ThreadLocal HashMap vs ConcurrentHashMap for thread-safe unbound caches

java performance caching thread-local concurrenthashmap

15,447

Solution 1

use ThreadLocal as cache is a not good practice

In most containers, threads are reused via thread pools and thus are never gc. this would lead something wired

use ConcurrentHashMap you have to manage it in order to prevent mem leak

if you insist, i suggest using week or soft ref and evict after rich maxsize

if you are finding a in mem cache solution ( do not reinventing the wheel ) try guava cache http://docs.guava-libraries.googlecode.com/git/javadoc/com/google/common/cache/CacheBuilder.html

Solution 2

this computation is very expensive

I assume this is the reason you created the cache and this should be your primary concern.

While the speed of the solutions might be slightly different << 100 ns, I suspect it is more important that you be able to share results between threads. i.e. ConcurrentHashMap is likely to be the best for your application is it is likely to save you more CPU time in the long run.

In short, the speed of you solution is likely to be tiny compared to the cost of computing the same thing multiple times (for multiple threads)

Solution 3

Note that your ConcurrentHashMap implementation is not thread safe and could lead to one item being computed twice. It is actually quite complicated to get it right if you store the results directly without using explicit locking, which you certainly want to avoid if performance is a concern.
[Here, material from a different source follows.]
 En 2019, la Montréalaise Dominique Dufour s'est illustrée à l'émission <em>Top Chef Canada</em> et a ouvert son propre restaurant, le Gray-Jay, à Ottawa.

It is worth noting that ConcurrentHashMap is highly scalable and works well under high contention. I don't know if ThreadLocal would perform better.

Apart from using a library, you could take some inspiration from Java Concurrency in Practice Listing 5.19. The idea is to save a Future<V> in your map instead of a V. That helps a lot in making the whole method thread safe while staying efficient (lock-free). I paste the implementation below for reference but the chapter is worth reading to understand that every detail counts.
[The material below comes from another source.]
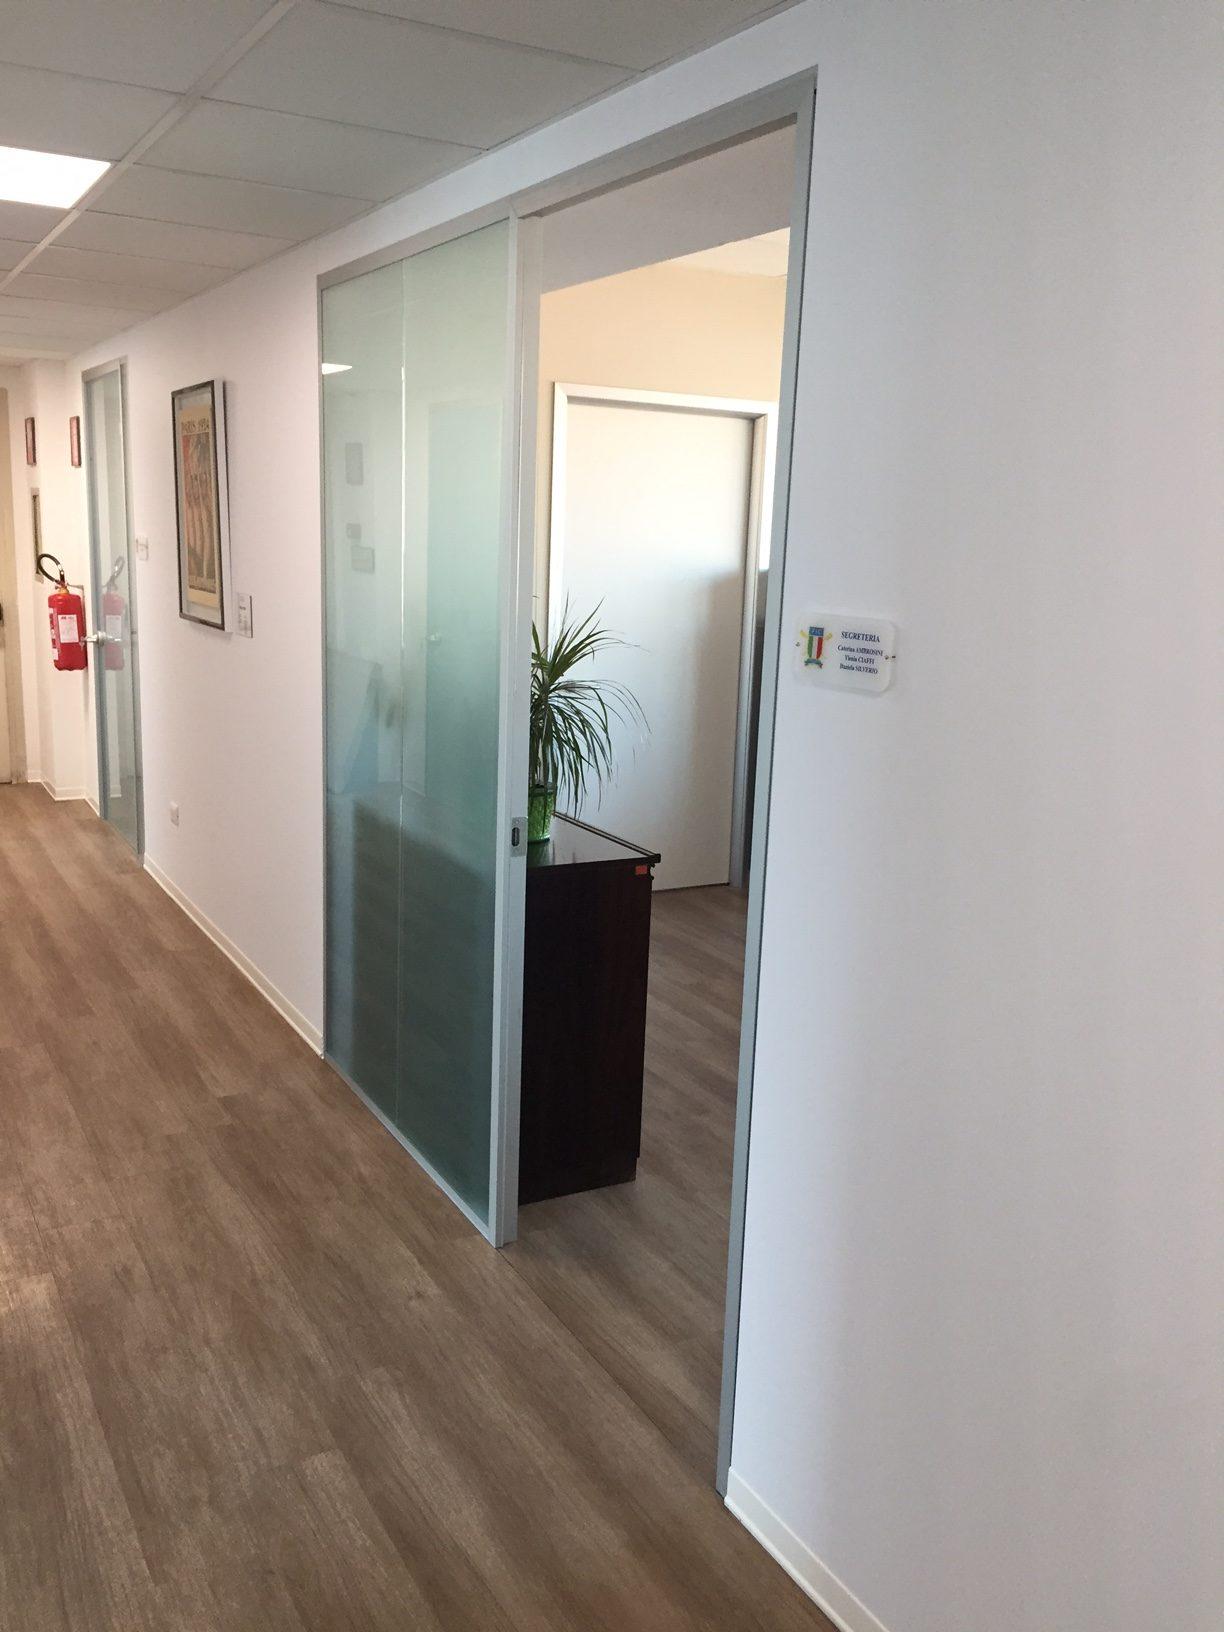 Pareti mobili fic roma sistema ufficio for Mobili ufficio roma

public interface Computable<K, V> {

    V compute(K arg) throws InterruptedException;
}

public class Memoizer<K, V> implements Computable<K, V> {

    private final ConcurrentMap<K, Future<V>> cache = new ConcurrentHashMap<K, Future<V>>();
    private final Computable<K, V> c;

    public Memoizer(Computable<K, V> c) {
        this.c = c;
    }

    public V compute(final K arg) throws InterruptedException {
        while (true) {
            Future<V> f = cache.get(arg);
            if (f == null) {
                Callable<V> eval = new Callable<V>() {
                    public V call() throws InterruptedException {
                        return c.compute(arg);
                    }
                };
                FutureTask<V> ft = new FutureTask<V>(eval);
                f = cache.putIfAbsent(arg, ft);
                if (f == null) {
                    f = ft;
                    ft.run();
                }
            }
            try {
                return f.get();
            } catch (CancellationException e) {
                cache.remove(arg, f);
            } catch (ExecutionException e) {
                throw new RuntimeException(e.getCause());
            }
        }
    }
}

Solution 4

Given that it's relatively easy to implement both of these, I would suggest you try them both and test at steady state load to see which one performs the best for your application.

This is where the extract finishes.